The subject of the project – a documentary about the volunteer pilots from North America who helped propel the fledgling Israel Air Force into the skies in 1948 – rang a bell with her.
“I recalled that Steven was once going to make a feature film on the subject. I didn’t want to step on his big feet and his big toes, so I asked him,” says the youthful- looking, 56-year-old Spielberg, sitting in the lounge of a posh Jerusalem hotel earlier this month.
“It turns out that in 2003 he had toyed with the idea and had talked to some pilots about the premise of World War II vets getting involved in creating the IAF.
But it hadn’t gotten any farther than that. He said, ‘You have my bracha [blessing], it’s a great idea,’ and told me that a great documentary will only pave the way for a feature film.”
So almost 50 years after appearing in front of the camera in her brother’s first homemade film, Firelight, Spielberg is now behind it, producing one of her own – with the working title Above and Beyond: The Creation of The Israeli Air Force.

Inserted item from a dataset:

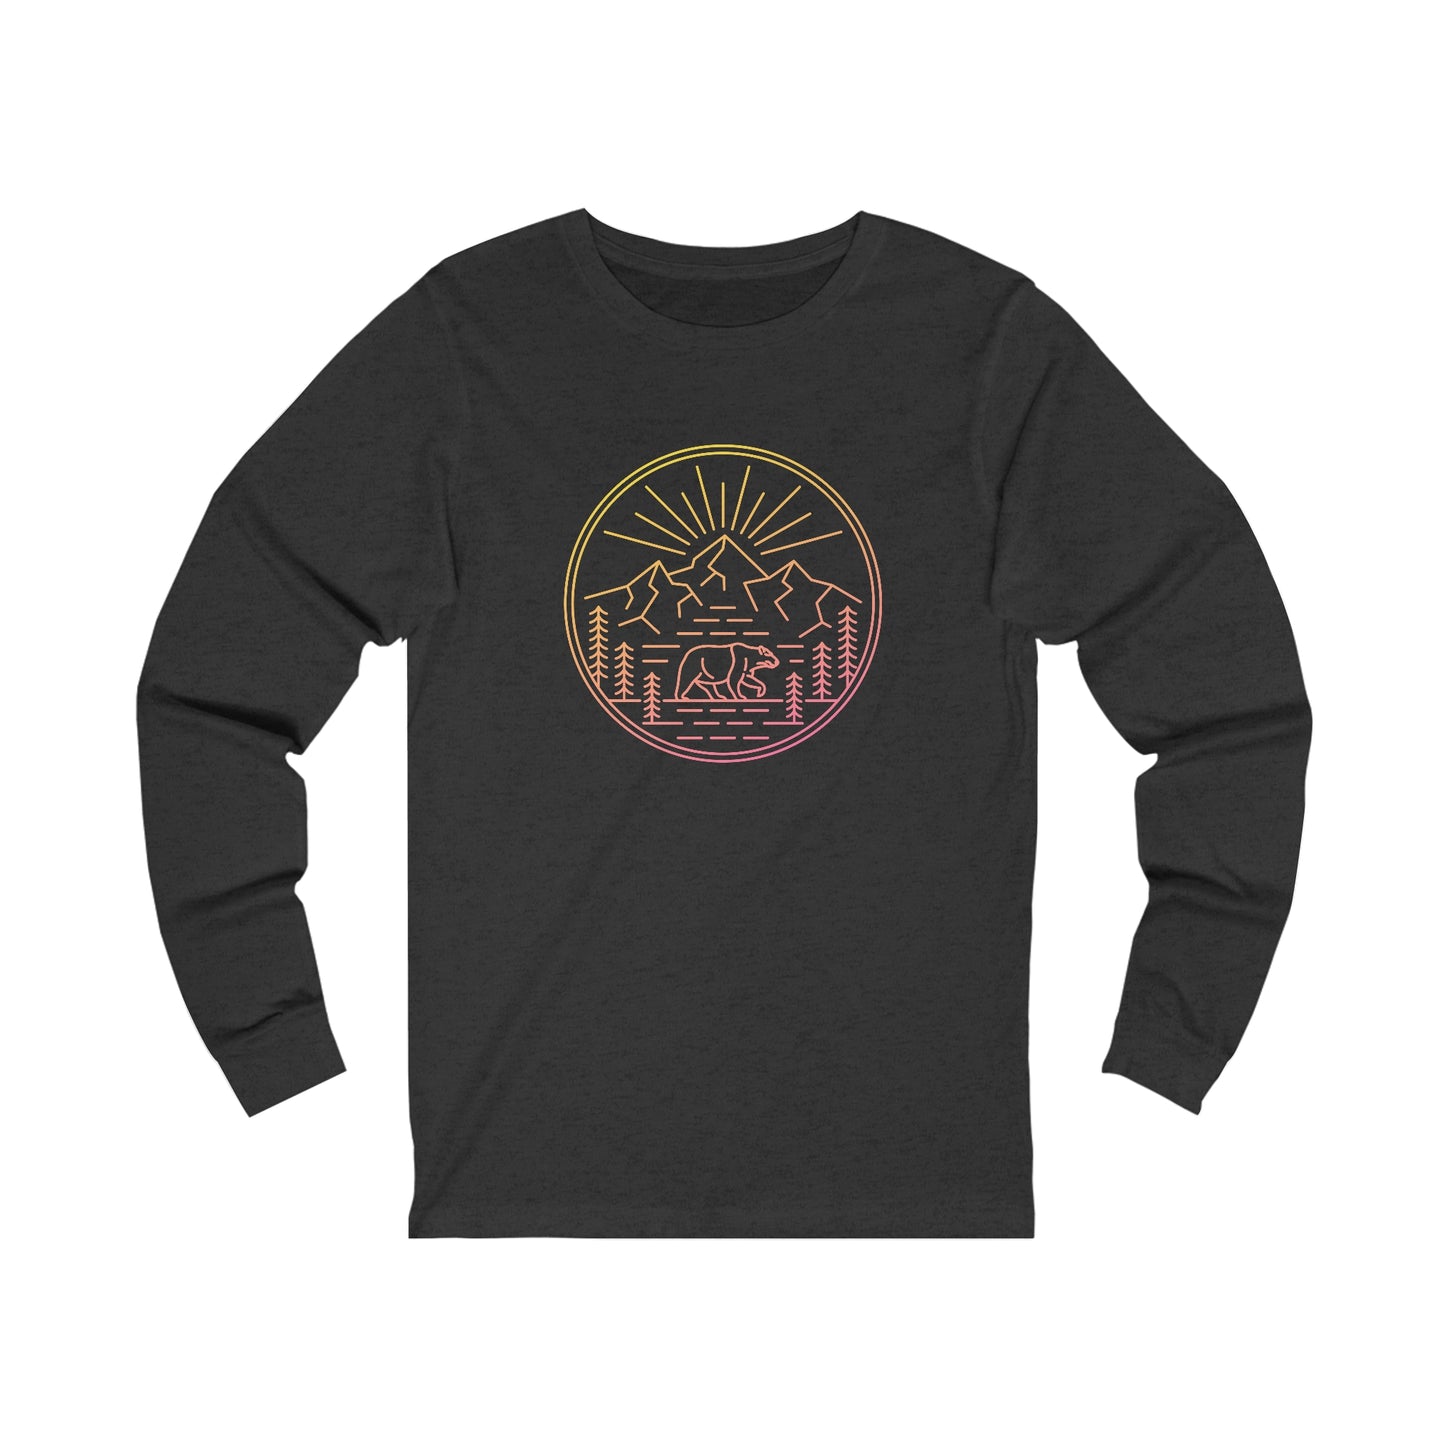 Explore The Outdoors. Unisex Jersey Long Sleeve Tee

“For the first time, I’m taking the lead role, and it scares the s*** out of me,” she laughs.
But it’s hard to believe that anything would scare the self-assured Spielberg.

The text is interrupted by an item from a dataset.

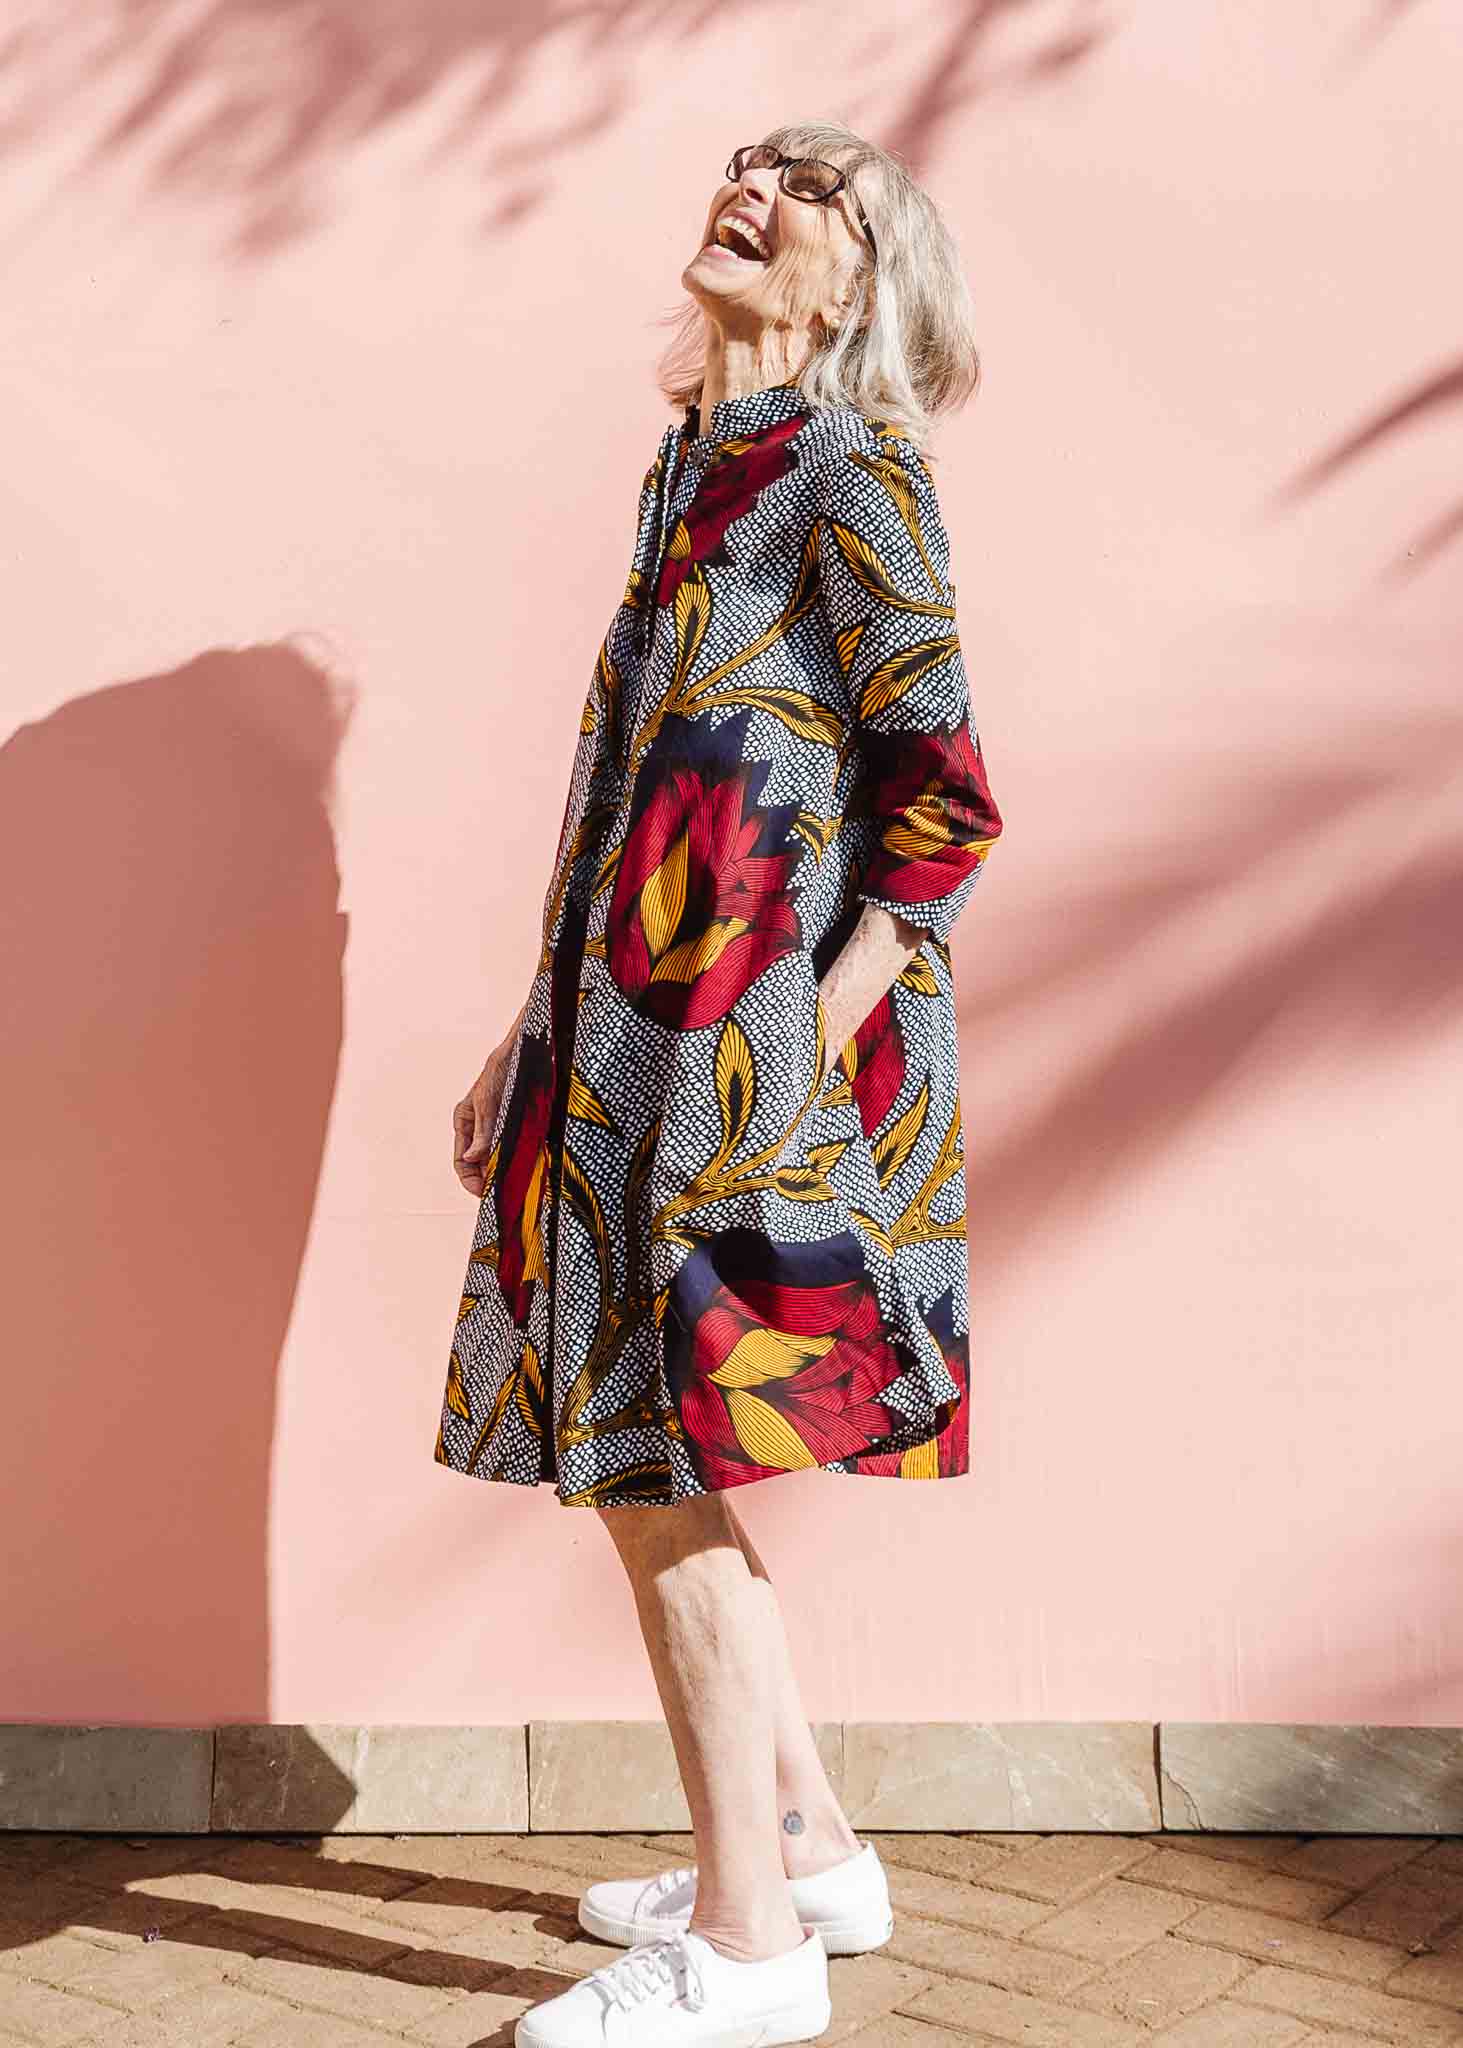 Model wearing red, yellow and navy flower print dress.

Combining entertainment industry casual chic, California outdoorsy wholesomeness, and a Riverdale, New York yiddishkeit pedigree, she also possesses a not-so-secret weapon that makes the film a perfect fit: a long-stewing knowledge and love of Israel sparked by spending a year on a kibbutz in the 1970s. It’s a role she’s been waiting for all her life.
IF THERE is such a thing as a filmmaking gene, the Spielberg family must have been blessed with a double helping.

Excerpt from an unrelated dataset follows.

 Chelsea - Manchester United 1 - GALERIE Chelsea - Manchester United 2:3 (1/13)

Everyone knows about Hollywood legend Steven and his Jaws-ET-Schindler-Lincoln resumé of American time-capsule classics. His astounding success is one of the reasons Nancy spent her working life shying away from delving into films.
“I spent a lot of time avoiding doing this very thing – it’s very hard to have that last name and not be approached by people with different motives,” she says. “I think I went more with that whole Spielberg brand to do charity work, and that consumed me for a long time.”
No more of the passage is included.